Data section:
>>>>>
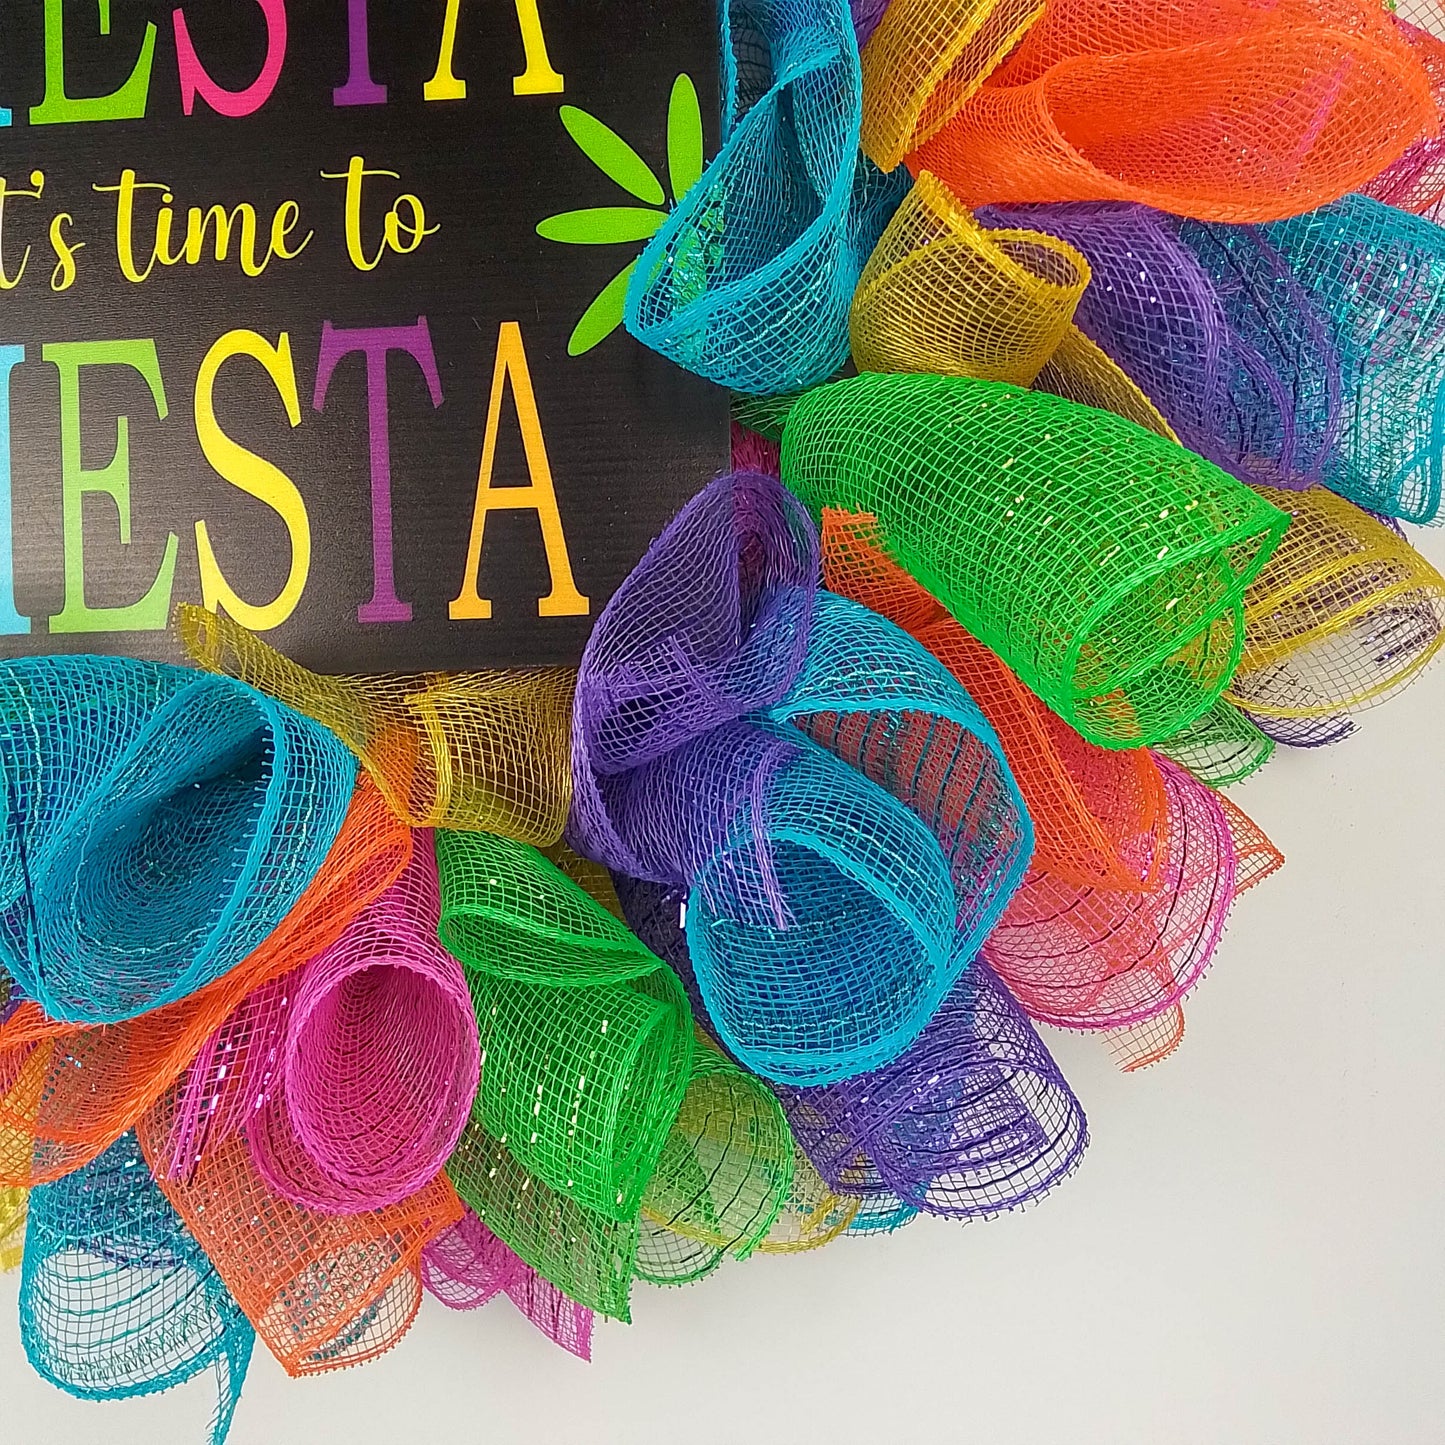 Bright Fiesta Party Wreath - Colorful Birthday Decor - Versatile Indoor/Outdoor Cinco de Mayo Decoration
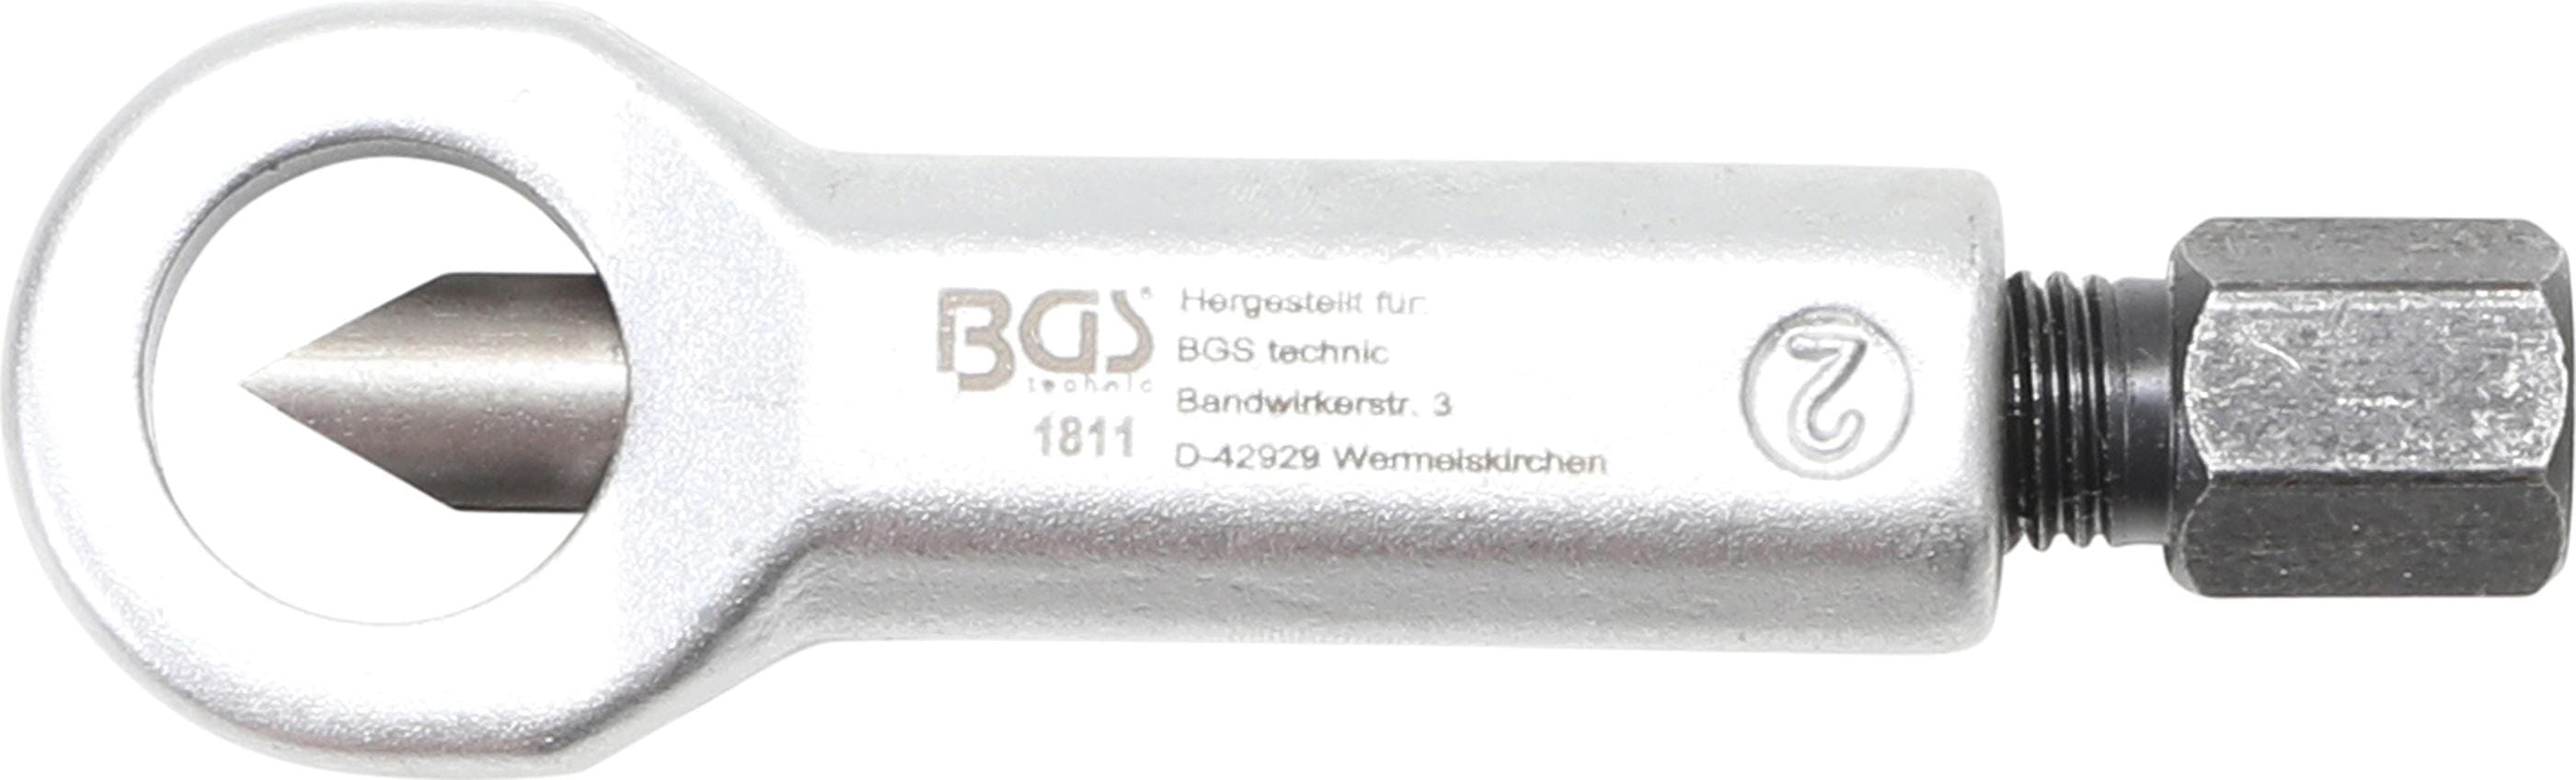 BGS technic Casse-écrous  jusqu'à 16 mm - BGS technic - 4026947018119
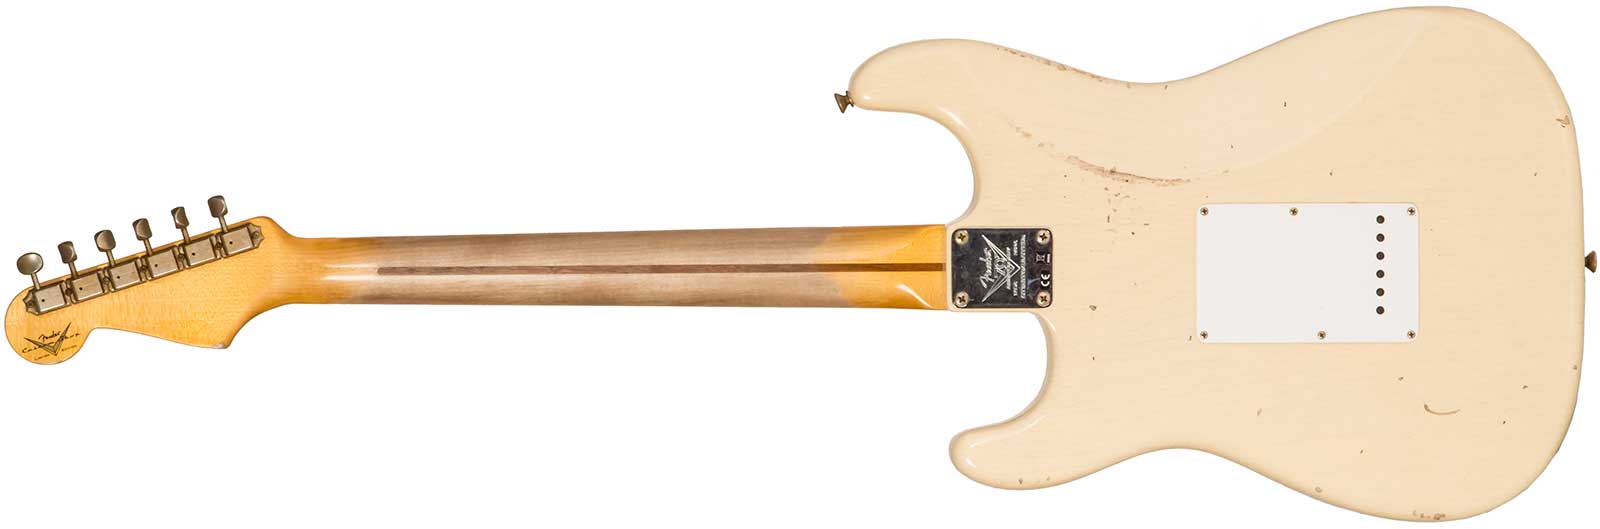 Fender Custom Shop Strat 1954 70th Anniv. 3s Trem Mn #xn4382 - Relic Vintage Blonde - Str shape electric guitar - Variation 1
<<<<<
Leave out the images and write out the listing above exactly.

Solved problem:
 Bright Fiesta Party Wreath - Colorful Birthday Decor - Versatile Indoor/Outdoor Cinco de Mayo Decoration
 BGS technic Casse-écrous  jusqu'à 16 mm - BGS technic - 4026947018119
 Fender Custom Shop Strat 1954 70th Anniv. 3s Trem Mn #xn4382 - Relic Vintage Blonde - Str shape electric guitar - Variation 1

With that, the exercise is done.